**What you are asked to do**
Starting at the line with "Companion Propane Gas Fuel 468g" and ending at the line with "Mammal Diversity Survey", print exactly the lines of the entries below. Pictures do not belong in the copy.

**Data**
++++++++
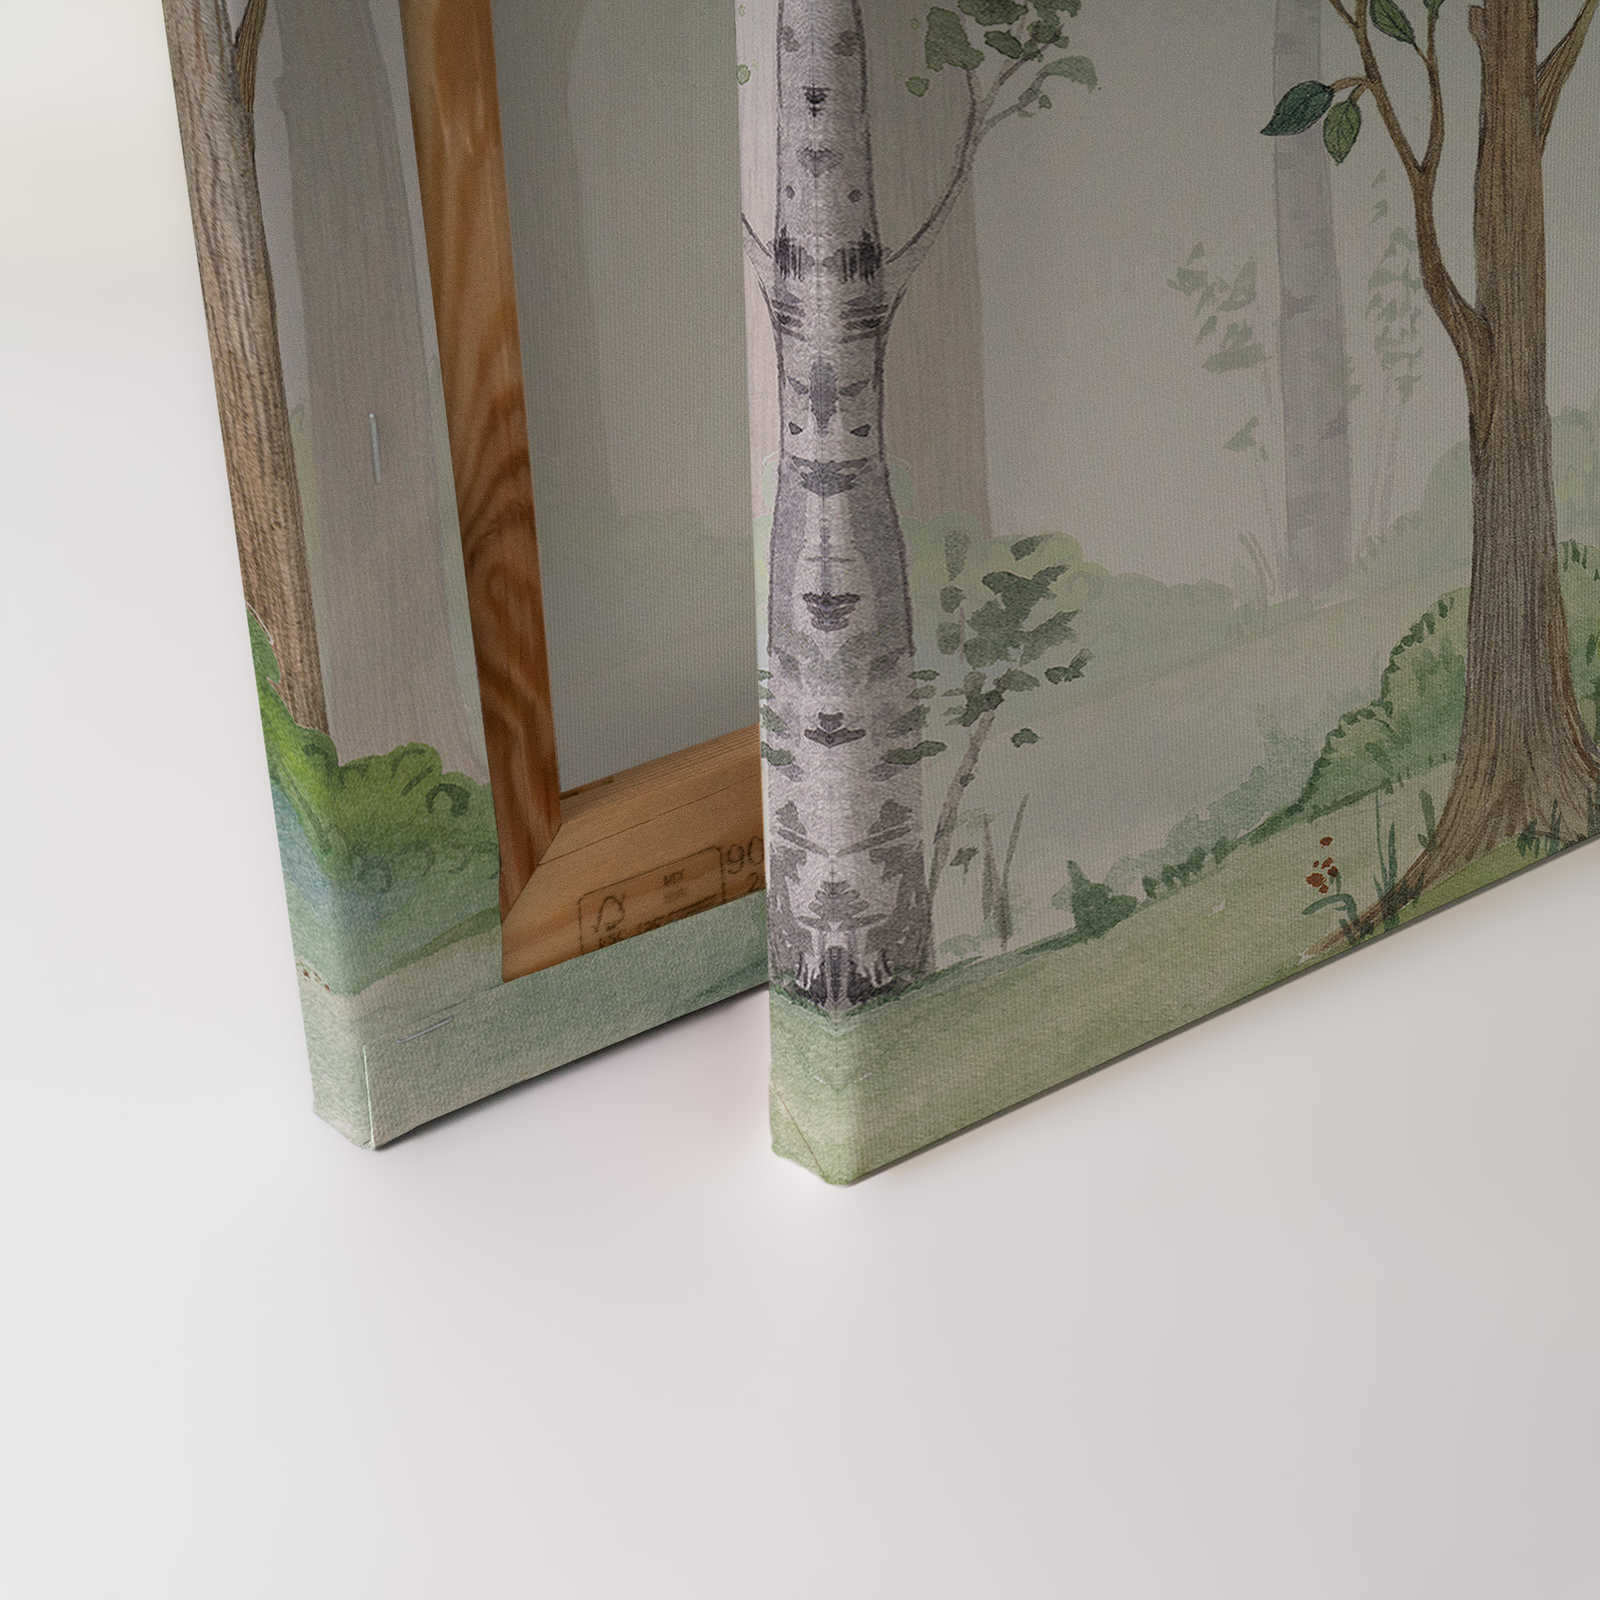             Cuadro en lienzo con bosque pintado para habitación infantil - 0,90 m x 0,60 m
++++++++
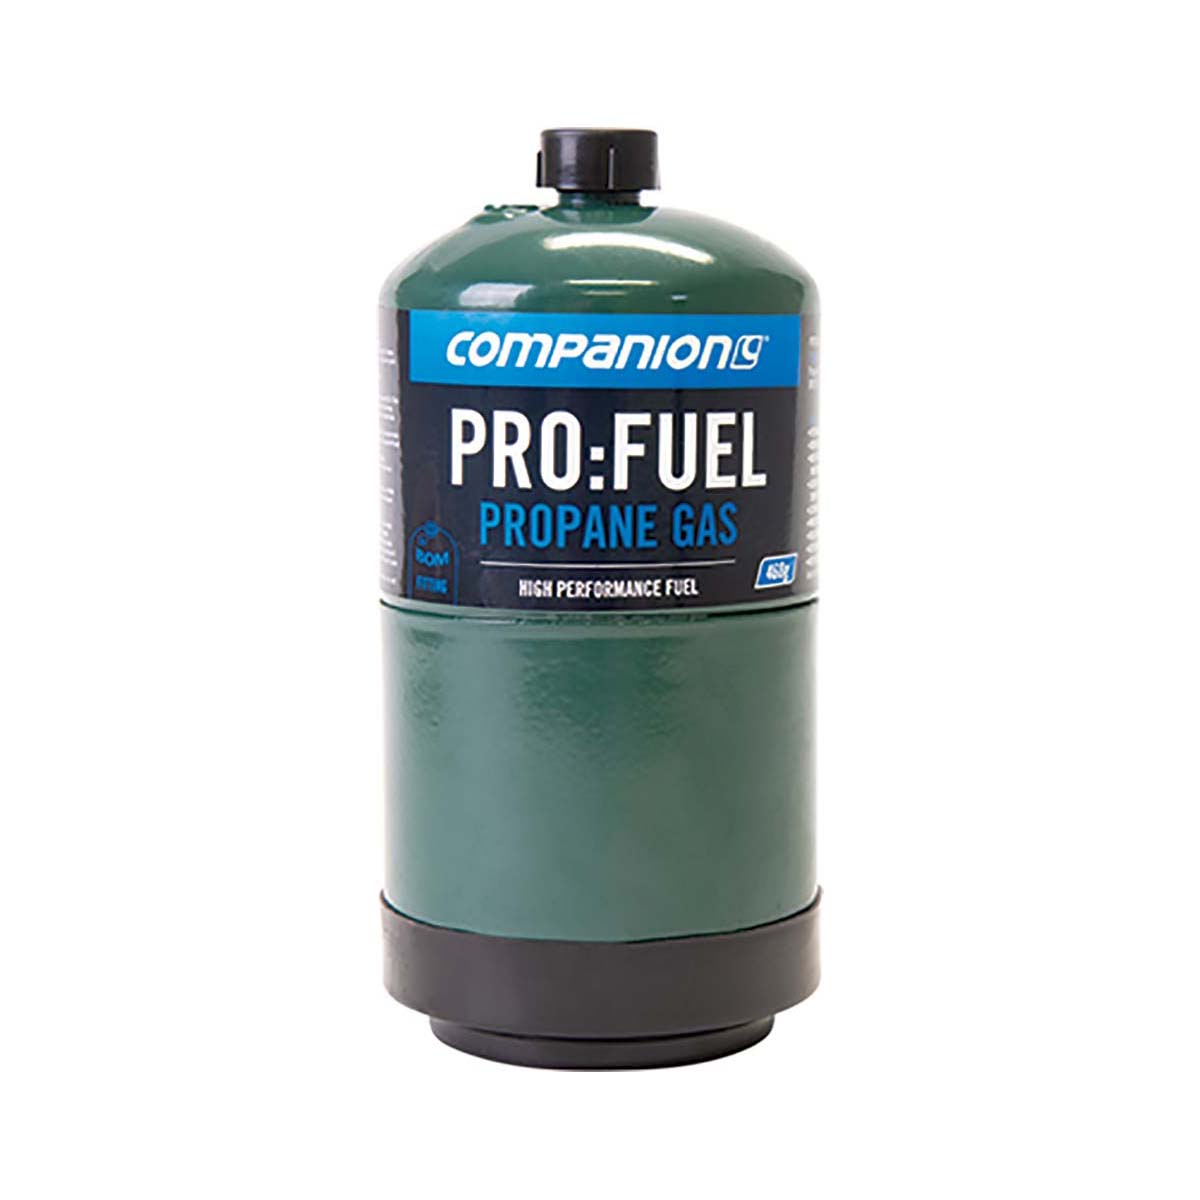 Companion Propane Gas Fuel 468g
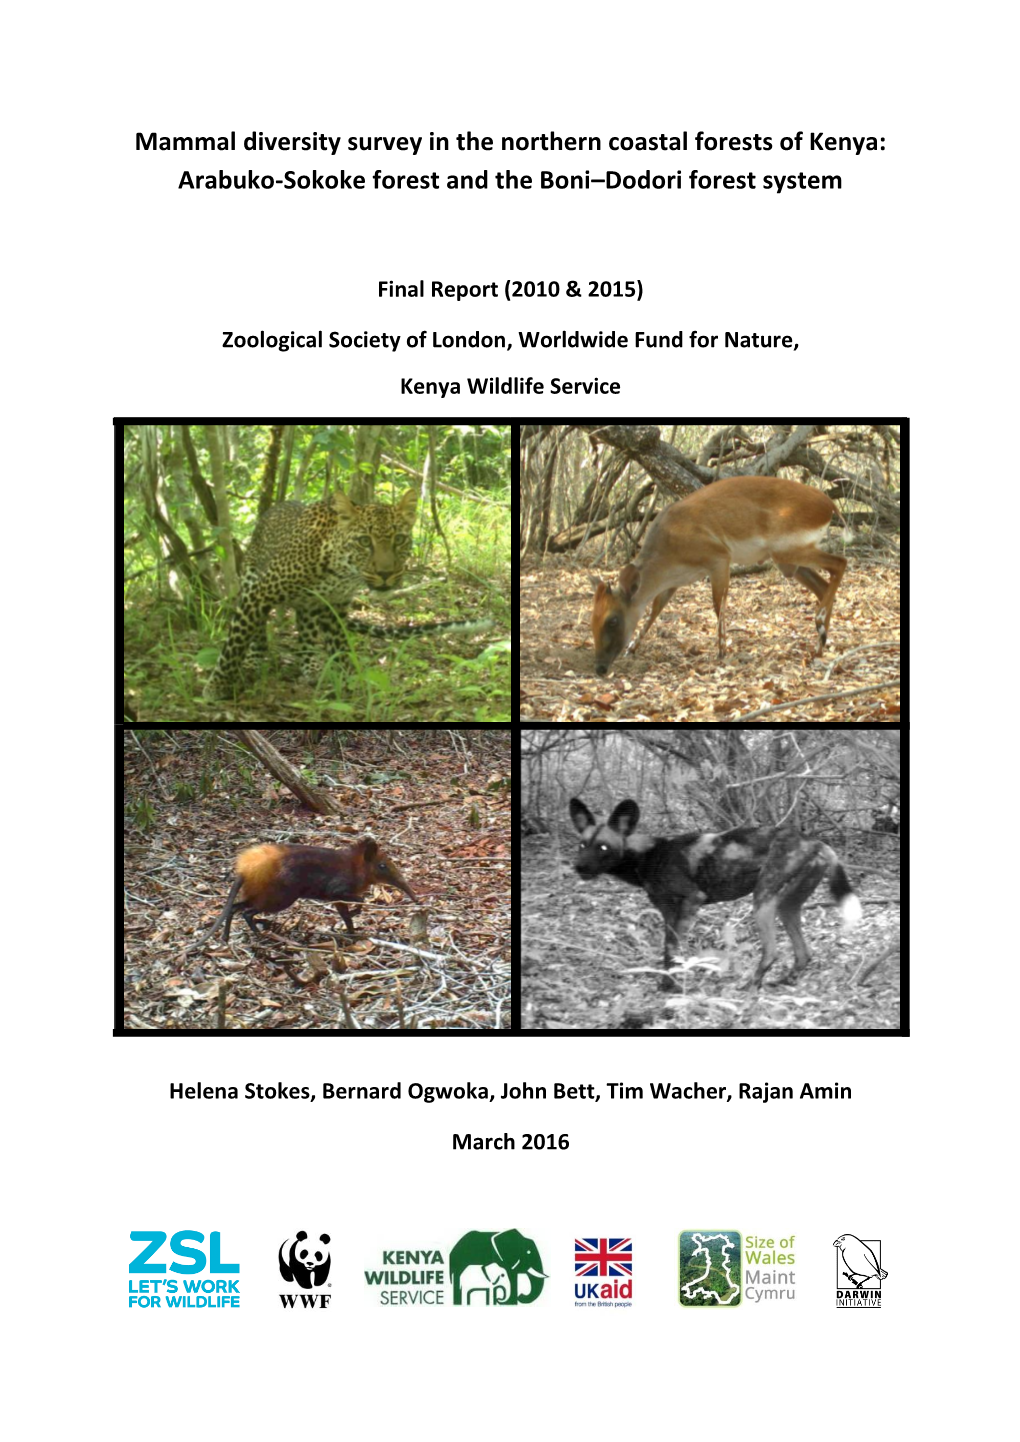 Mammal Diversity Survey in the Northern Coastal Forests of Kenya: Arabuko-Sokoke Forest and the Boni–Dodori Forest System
++++++++
**Exercise output**
 Companion Propane Gas Fuel 468g
 Mammal Diversity Survey in the Northern Coastal Forests of Kenya: Arabuko-Sokoke Forest and the Boni–Dodori Forest System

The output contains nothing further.